Ludovic FERRO Cette adresse e-mail est protégée contre les robots spammeurs. Vous devez activer le JavaScript pour la visualiser.


 

 

L'INTERVIEW D'ÉRIC LE DISSES MAIRE SANS ÉTIQUETTE DE MARIGNANE

"On ne peut pas me reprocher de forcer les gens à rentrer chez eux"

  • Pourquoi avoir décidé d'instaurer ce couvre-feu ?

Tout simplement parce que le confinement n'est pas respecté et pour permettre à la police municipale de verbaliser...

  • Les gens dehors sans attestation de déplacement dérogatoire étaient déjà "verbalisables"...

C'est beaucoup plus facile quand il y a le couvre-feu, déjà les gens sont informés qu'ils ne doivent pas être dehors, mais c'est surtout pour les jeunes qui se regroupent sur les parkings, qui jouent, qui chantent et boivent un coup... Avec le couvre-feu, les policiers ne se perdront pas en discussions et en explications. En substance : "Il y a un couvre-feu, vous devez partir et rentrer chez vous. Si vous revenez on vous met une amende". Avec le décret urgence sanitaire (instauré à l'échelle nationale), les policiers municipaux peuvent désormais verbaliser, ce qui vient en complément du couvre-feu municipal.

  • Vous avez beaucoup de remontées de terrain concernant ces attroupements ?

Si j'instaure le couvre-feu, c'est que oui !

  • Vous insistez sur les jeunes... Il n'y a donc exclusivement que des "jeunes" qui ne respectent pas les consignes de confinement ?

En priorité ce sont des jeunes oui, il n'y a pas de personnes âgées dehors, ou très peu.

  • Vous évoquez dans votre communiqué des "risques de pillage de commerces"...

C'est de la prévention. On sait très bien que lorsqu'il n'y a personne dans les rues, les malfrats en profitent pour cambrioler. Et même si on a une centaine de caméras à Marignane, la police municipale ou nationale ne peut pas être partout...

  • Avez-vous pris cette décision en concertation avec la préfecture ?

Non, on envoie au contrôle de légalité l'arrêté et puis c'est tout. Il y a beaucoup de départements, de régions, où les préfets ont décrété eux-mêmes le couvre-feu, comme à Nice (les Alpes-Maritimes sont pour le moment le seul département où il y a un couvre-feu désigné par arrêté préfectoral). Il n'y a pas de raisons qu'on ne puisse pas le faire nous au niveau local. Je le fais par anticipation et très honnêtement, pour que tout soit bien appliqué il aurait fallu le faire au niveau national, depuis plus d'une semaine d'ailleurs.

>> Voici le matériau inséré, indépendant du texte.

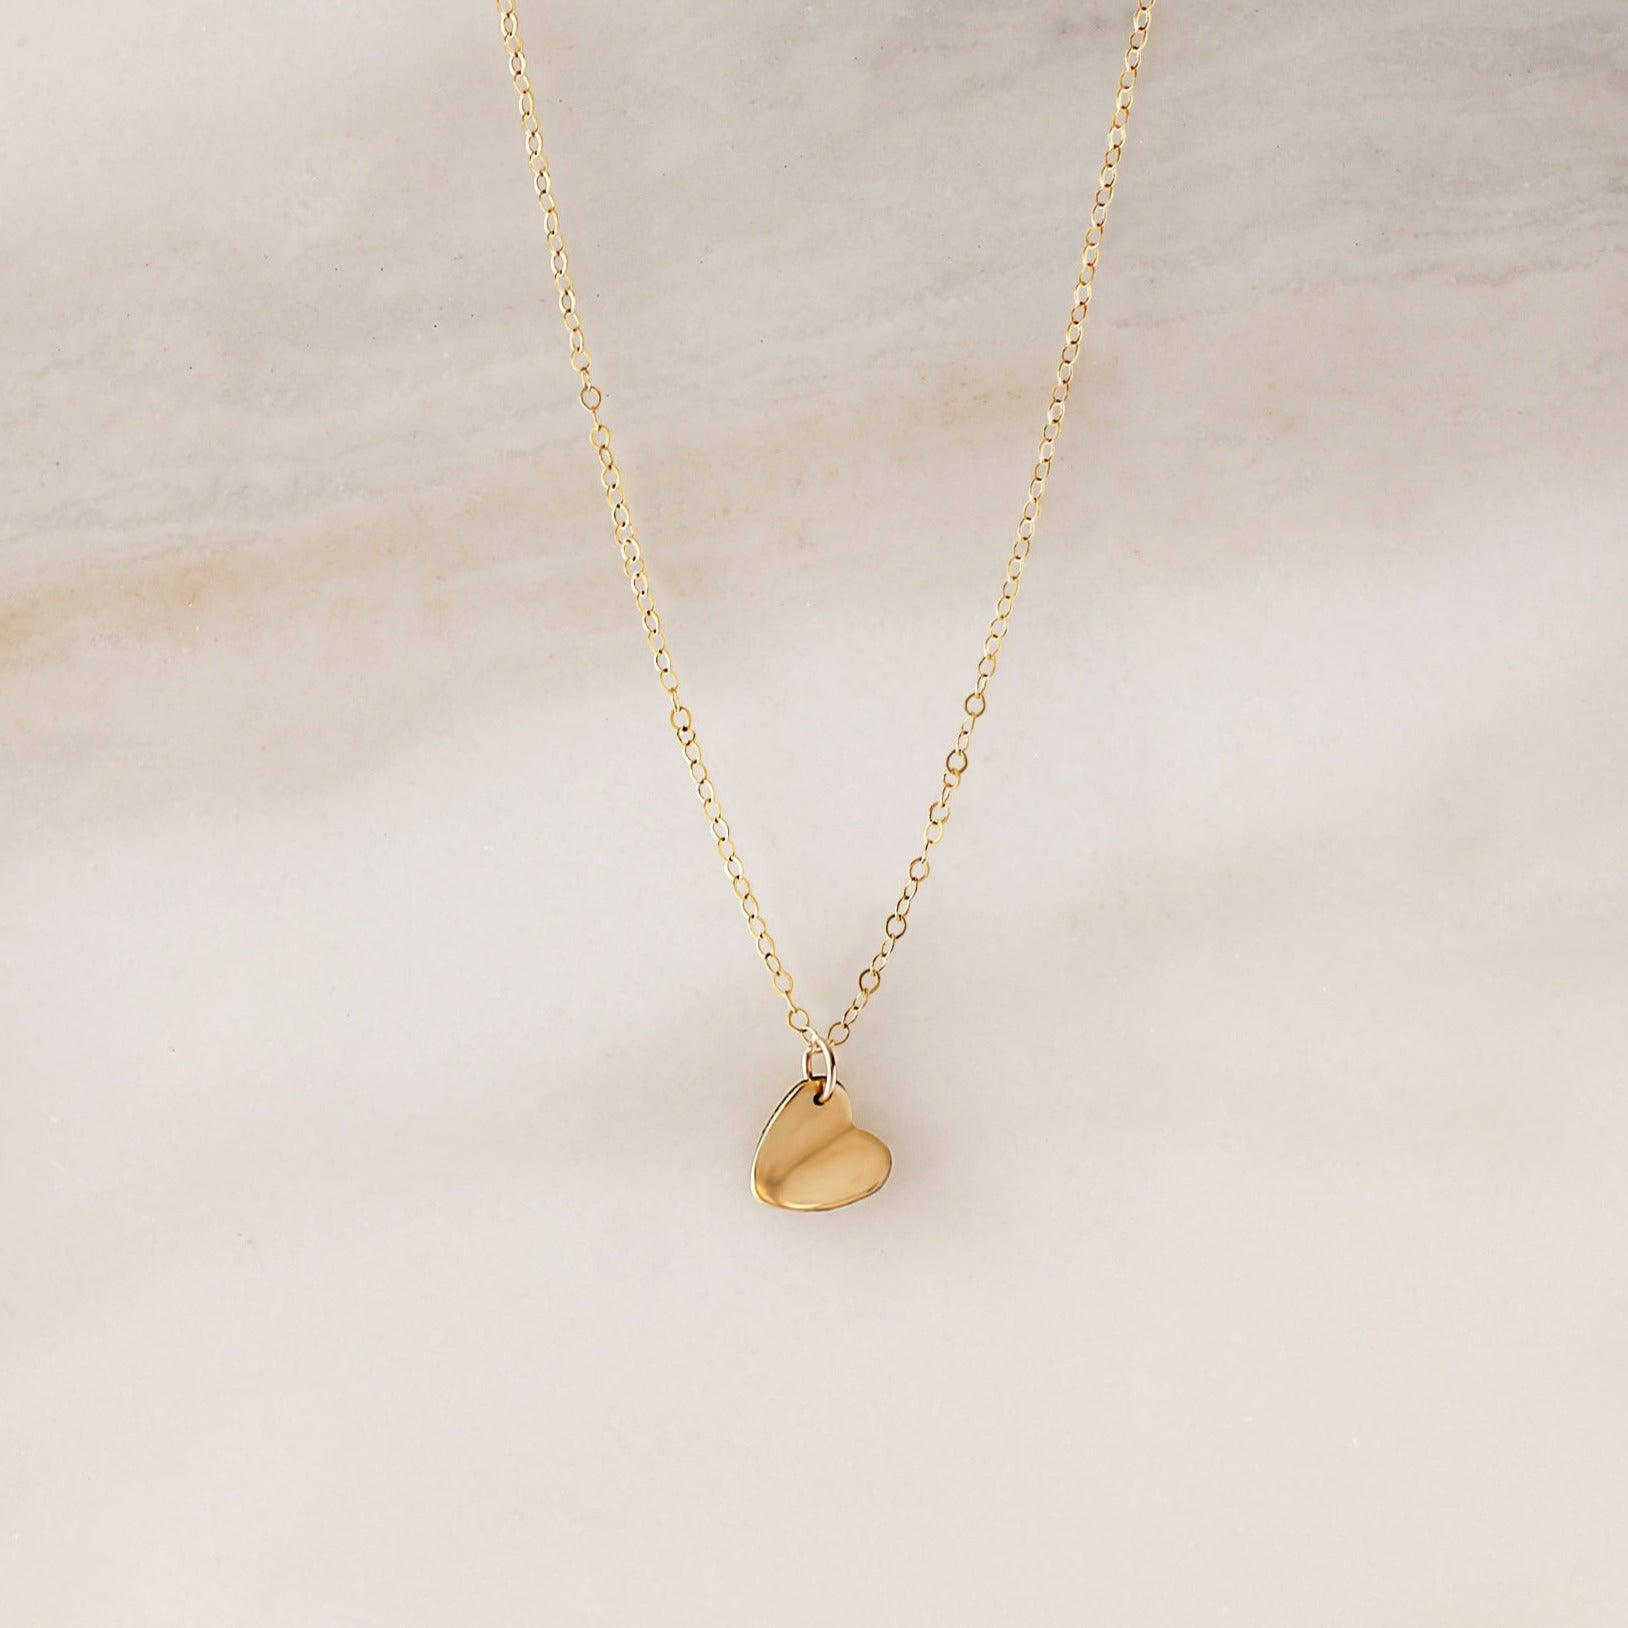 Mini Paper Heart Necklace - Nolia Jewelry - Meaningful + Sustainably Handcrafted Jewelry

  • Selon le ministère de l'Intérieur, les couvre-feux sanitaires sont de la seule compétence des préfectures. Il y a un risque d'annulation de votre arrêté*...

Vous voulez que je vous dise ma pensée profonde? La France n'a pas été à la hauteur de l'événement. Les maires qui sont sur le terrain voient beaucoup mieux ce qui se passe, ils ne jouent pas à dire "c'est légal, c'est pas légal", ils anticipent ce qui va arriver. Si on nous avait laissé faire, on l'aurait fait depuis un moment. Je vais vous dire: légal ou pas légal on s'en fout, ce n'est pas un problème. Il faut agir. On ne peut pas me reprocher de forcer les gens à rentrer chez eux par tous les moyens.

  • II y a à peine 9 jours, les gens sont allés voter. Aujourd'hui on instaure des couvre-feux pour empêcher les regroupements. N'y a-t-il pas un problème de cohérence ?

On voit arriver un nombre extraordinaire de contaminés et on tâtonne. Nous, on prend nos décisions. Au plus les gens vont rester confinés, au plus la fin du confinement sera proche. Ceux qui sont dehors vont contaminer ceux qui ne l'auraient pas été dans trois semaines.

L.F.


• Le premier ministre Edouard Philippe a déclaré à 20 h que les mairies étaient désormais habilitées à prendre des mesures de couvre-feux sanitaires.